The Hill radius is the ball around a planet in which its gravity dominates over the star’s. Planets are naturally spaced in units of Hill radii. For our purposes Hill radii are like kilometers or liters or slices of pizza – a unit of measure.
A planet’s Hill radius depends on the mass of whatever it’s orbiting. Around a million-sun black hole, a planet’s Hill radius is 100 times smaller than around the Sun. That means a given region of space can stably fit 100 times more orbits around a black hole than around the Sun.
Planets can be super close to each other because the black hole’s gravity is so strong! If planets are little toy Hot wheels cars, most planetary systems are laid out like normal highways (side note: I love Hot wheels). Each car stays in its own lane, but the cars are much much smaller than the distance between them. Around a black hole, planetary systems can be shrunk way down to Hot wheels-sized tracks. The Hot wheels cars — our planets — don’t change at all, but they can remain stable while being much closer together. They don’t touch (that would not be stable), they are just closer together.
Let’s put things in perspective. About six Earth-mass planets can fit on stable orbits within the Sun’s habitable zone. Simply replace the Sun with a million-Sun black hole, and 550 Earths can fit in the same region!
Take a look at this tiny slice of orbital space, from Earth’s orbital distance at 1 AU out to 1.2 AU. Around the Sun 2 Earths can fit. Around a black hole 145 Earths can fit!
For scale, Earth’s nearest neighbors – Venus and Mars – are 0.3 and 0.5 Astronomical Units (AU) away. In a maximally-packed system, another Earth could sit on an orbit just 0.1 AU away. But around a black hole the closest neighbor could be just 1/1000th (0.001) of an AU away!

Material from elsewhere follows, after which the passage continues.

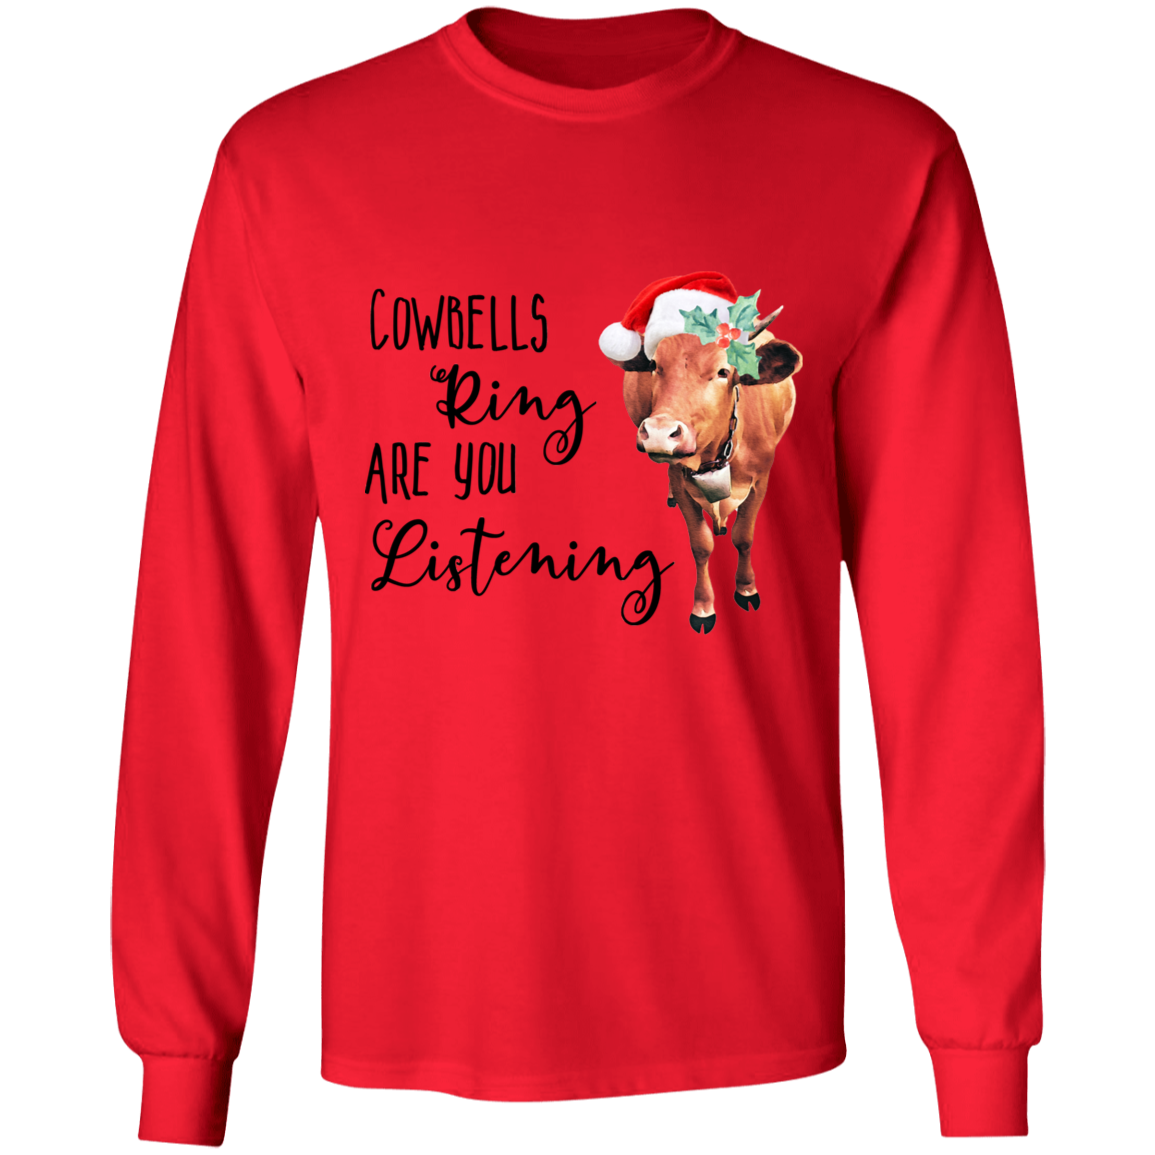 Cowbells ring long sleeve T'shirt

Now we can’t just keep making our supermassive black hole more and more massive, shrinking the Hill radius down smaller and smaller. Because if the Hill radius gets down to Earth’s actual size, the black hole would start to tear the planet apart, and we don’t want that. With our million-Sun black hole the Earth’s Hill radius (on its current orbit) would already be down to the limit, just a bit more than twice Earth’s actual radius.

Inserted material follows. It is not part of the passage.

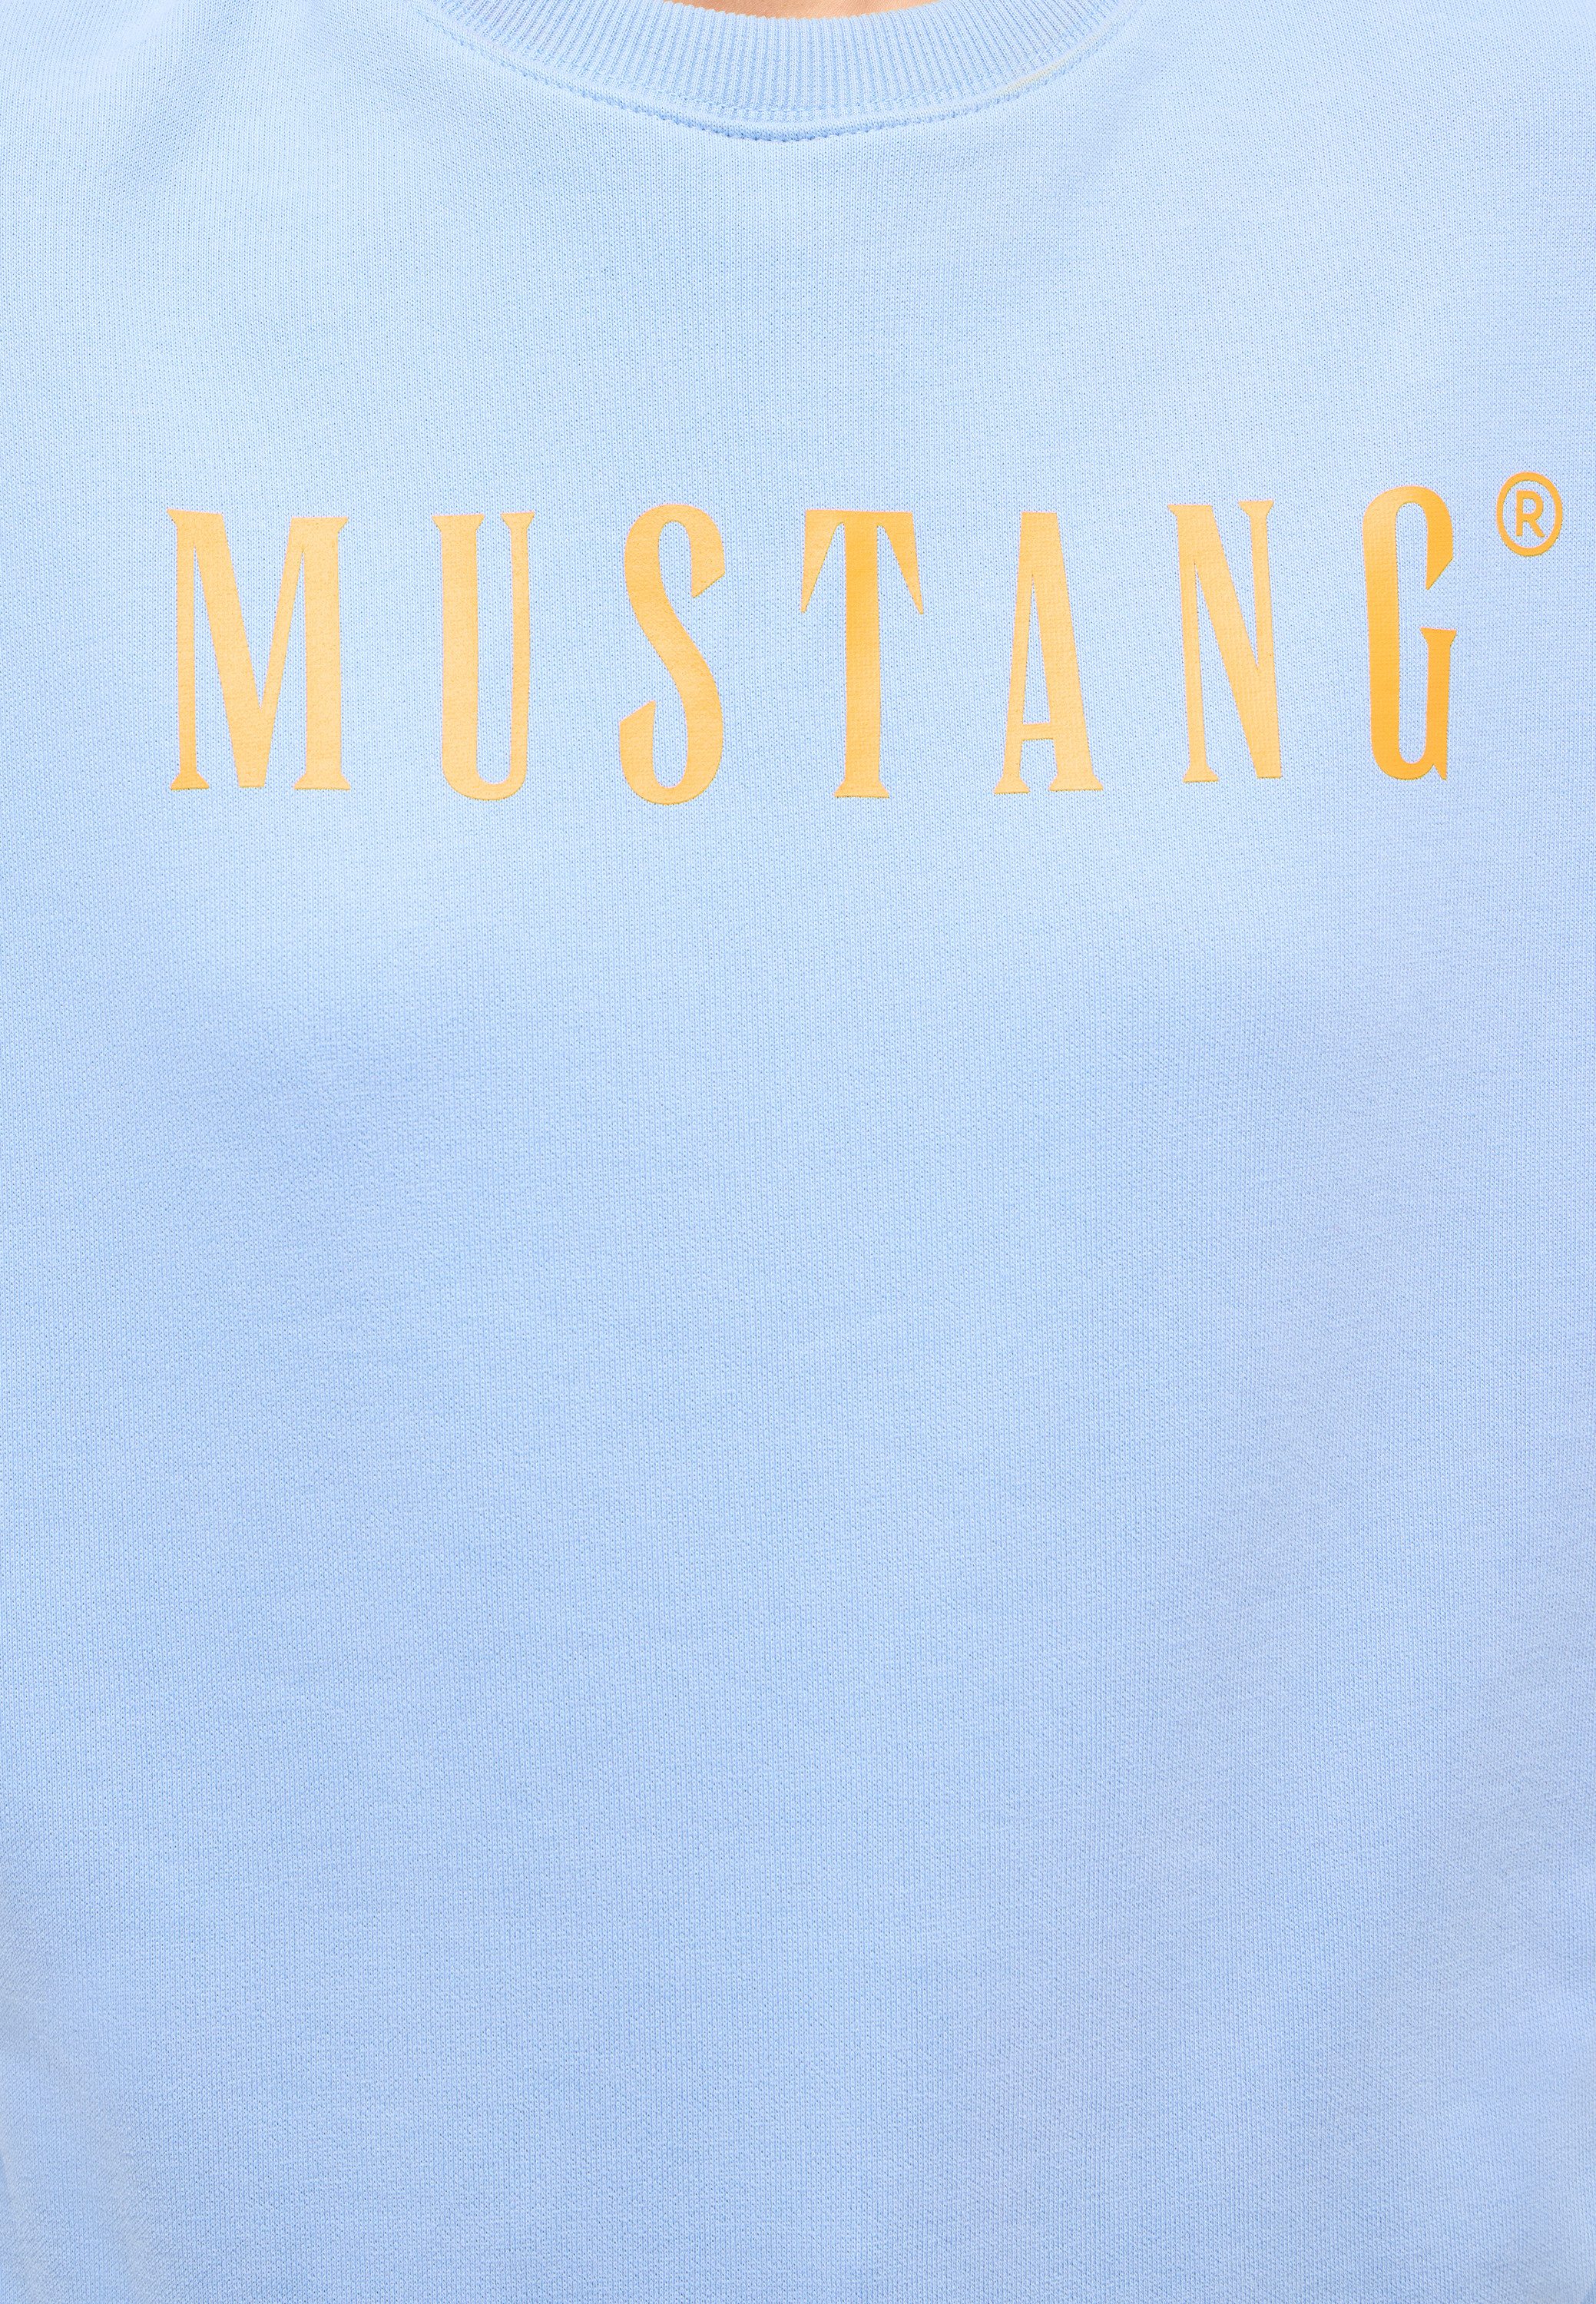 Mustang Sweatshirt

How are we going to illuminate our planets? We have three choices:
- Put the Sun in a close orbit around the black hole. This should work fine, as long as the Sun doesn’t get torn to pieces, which it wouldn’t as long as it’s outside about 0.1 AU.
- Use a disk of material glowing as it falls onto the black hole to provide light. This was the setup in Interstellar.
- Put a ring of stars around the black hole, as in the Kalgash 5 system we built (based on the Ultimate Engineered Solar System).
I just love rings of orbiting planets and stars. They are like glittering space necklaces! (Note from my younger self: where did that space necklaces thing come from?)
Given how massive the black hole is, one ring could hold up to 75 Suns! But that would move the habitable zone outward pretty far and I don’t want the system to get too spread out. So I’ll use 9 Suns in the ring, which moves everything out by a factor of 3. Let’s put the ring at 0.5 AU, well outside the innermost stable circular orbit (at about 0.02 AU) but well inside the habitable zone (from about 2.7 to 5.4 AU).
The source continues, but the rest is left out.